* [The task]
A faithful copy of the listing below is needed, one that contains no pictures.

* [Input data]
* * * *

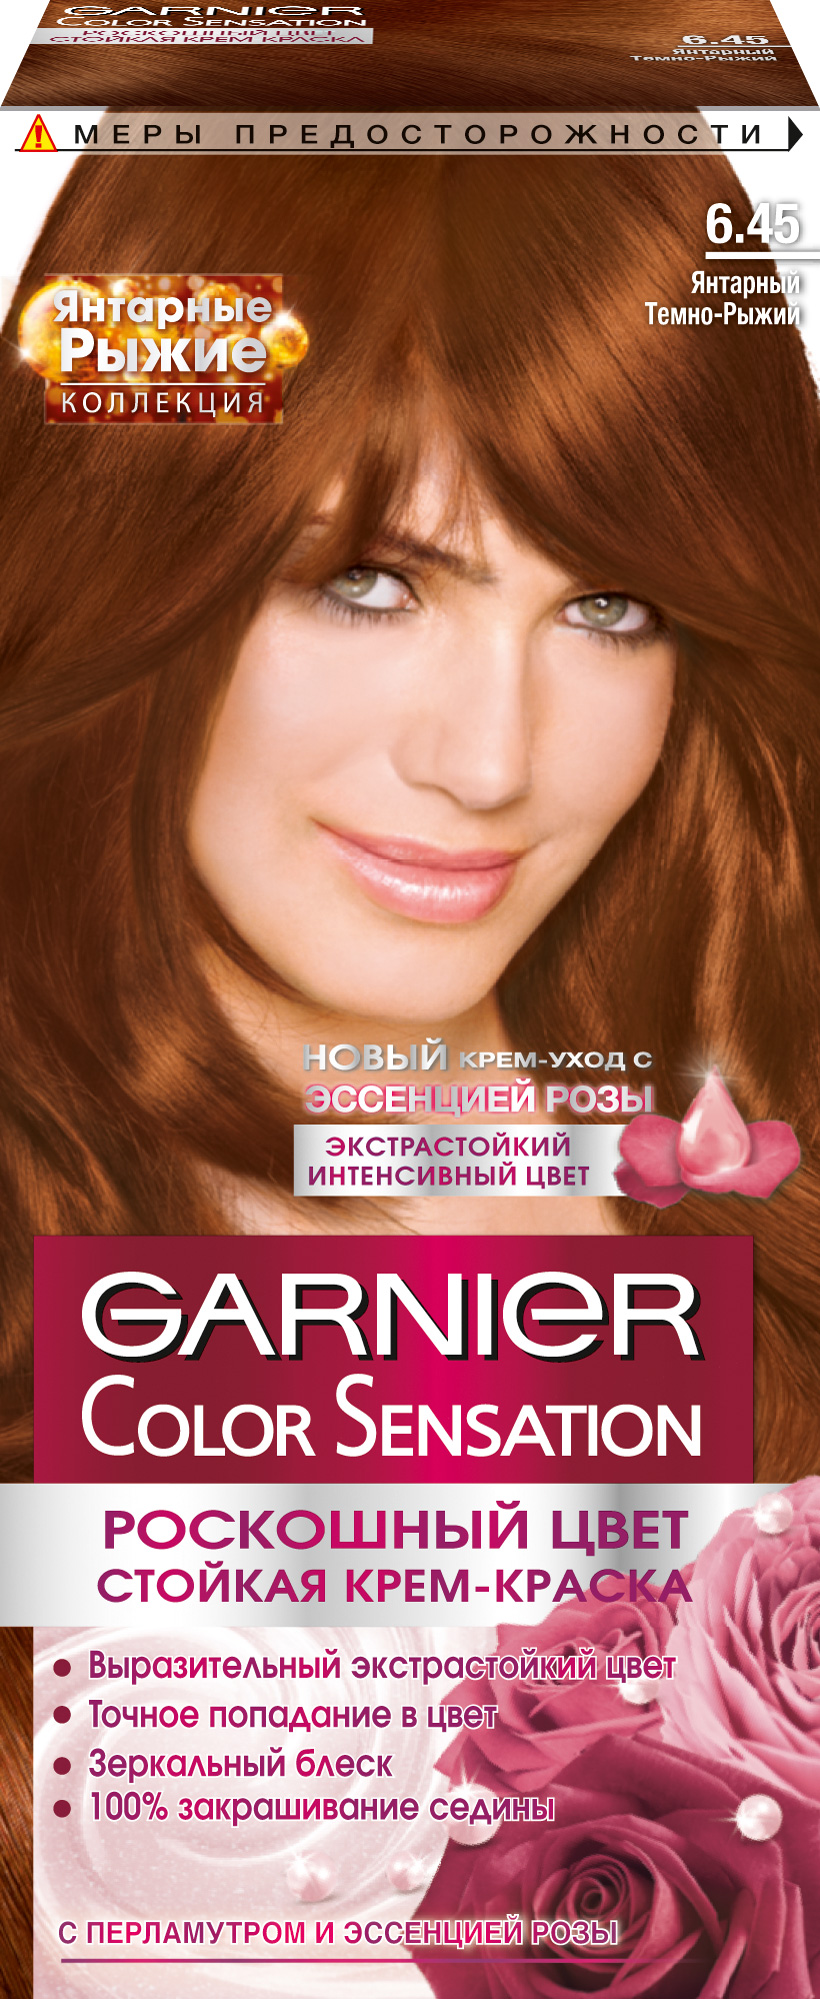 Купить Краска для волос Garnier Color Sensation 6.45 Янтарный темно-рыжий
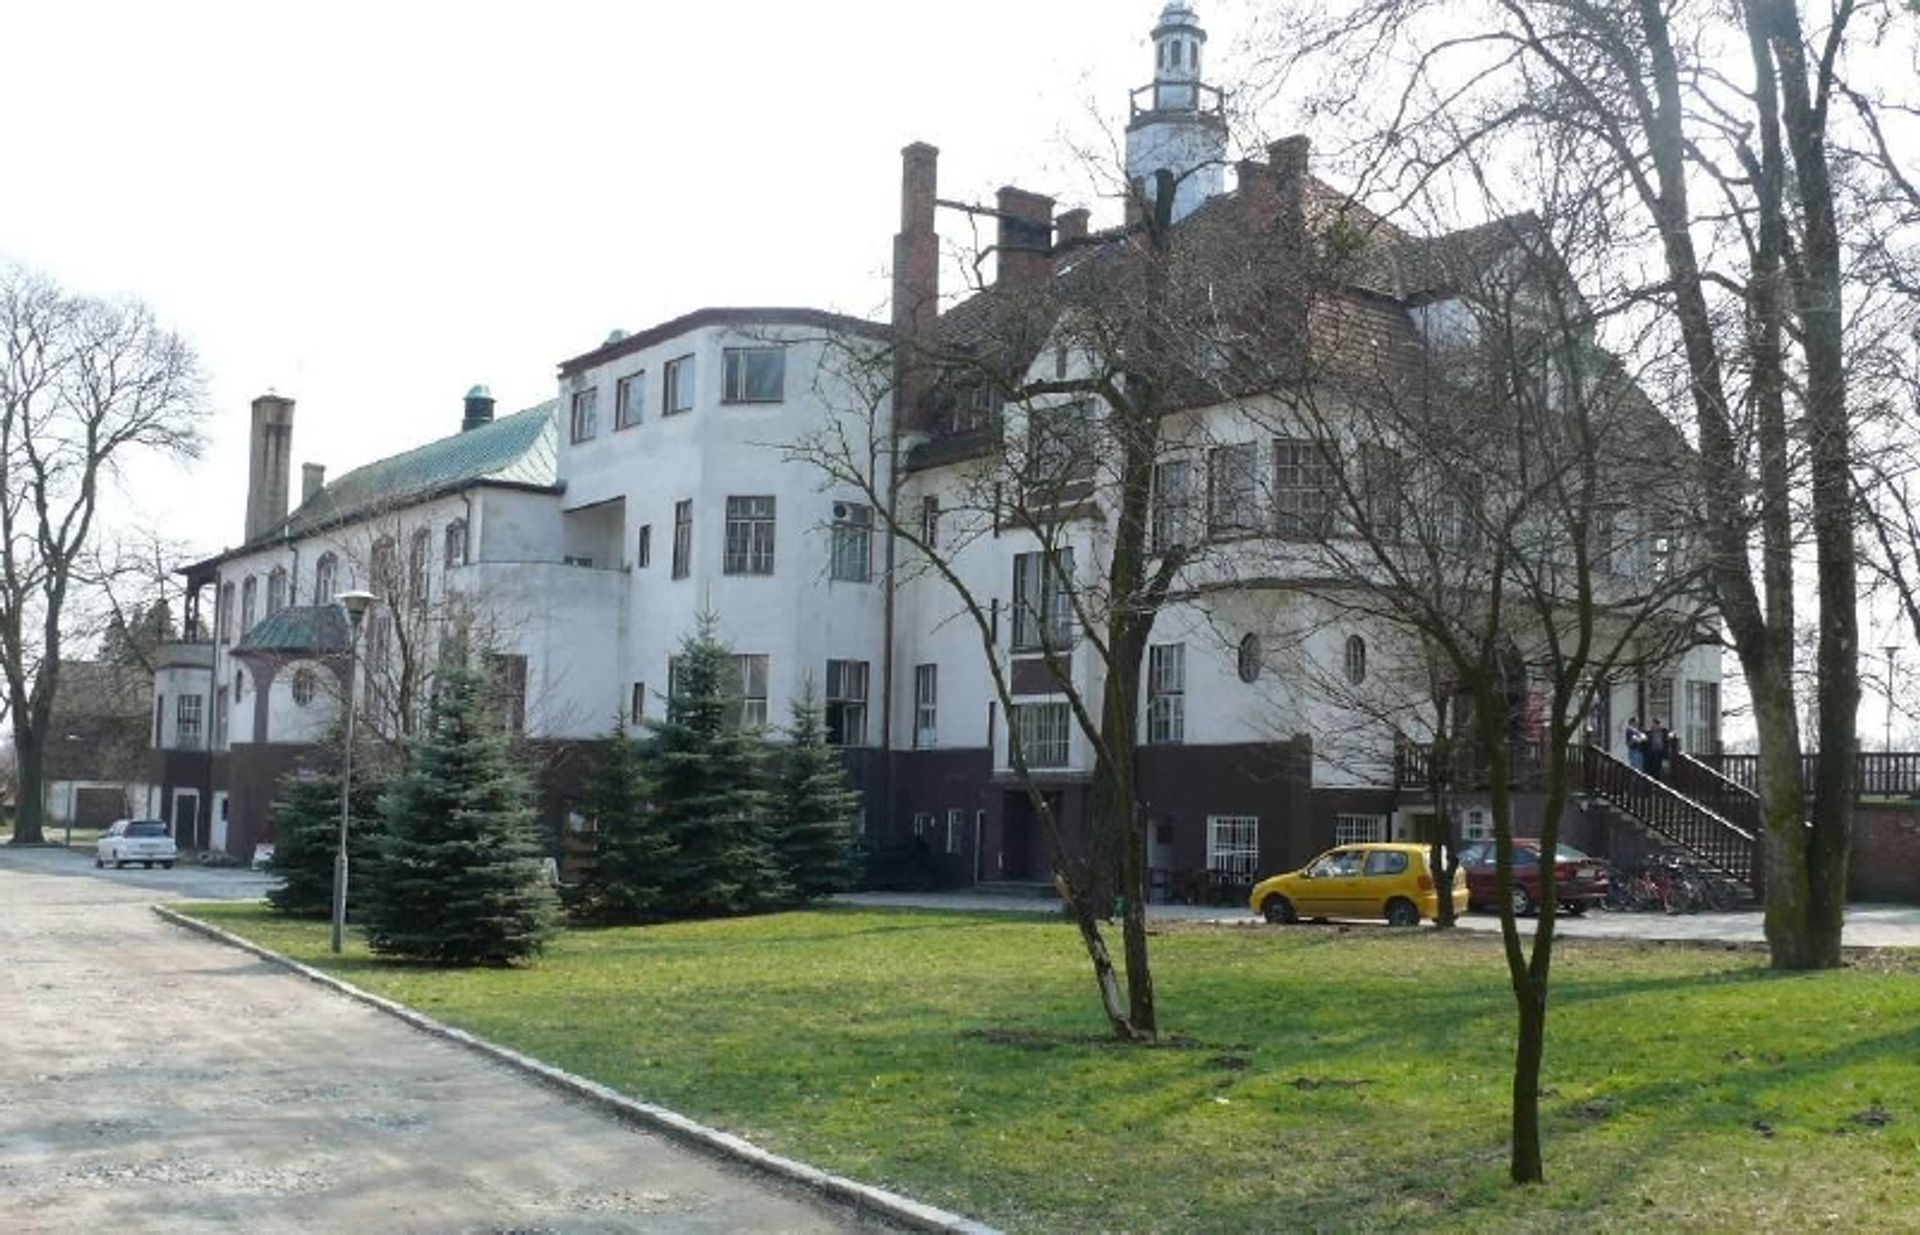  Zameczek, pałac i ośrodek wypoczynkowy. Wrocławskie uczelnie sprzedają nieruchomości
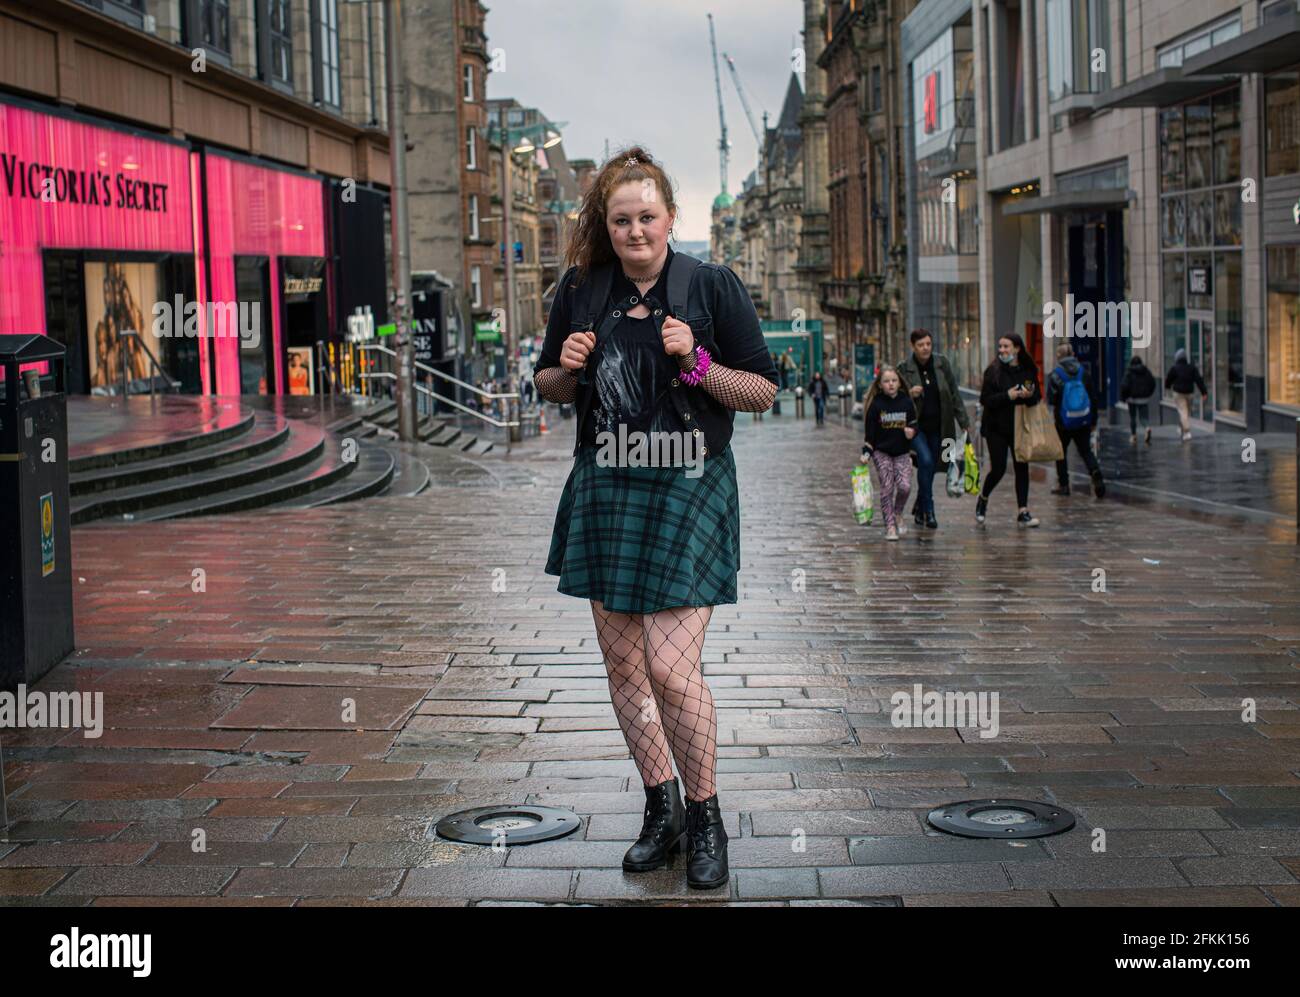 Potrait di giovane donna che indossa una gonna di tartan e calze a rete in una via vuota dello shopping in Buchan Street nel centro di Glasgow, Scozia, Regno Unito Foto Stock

* * * *

* [Output of the task]
 Купить Краска для волос Garnier Color Sensation 6.45 Янтарный темно-рыжий
  Zameczek, pałac i ośrodek wypoczynkowy. Wrocławskie uczelnie sprzedają nieruchomości
 Potrait di giovane donna che indossa una gonna di tartan e calze a rete in una via vuota dello shopping in Buchan Street nel centro di Glasgow, Scozia, Regno Unito Foto Stock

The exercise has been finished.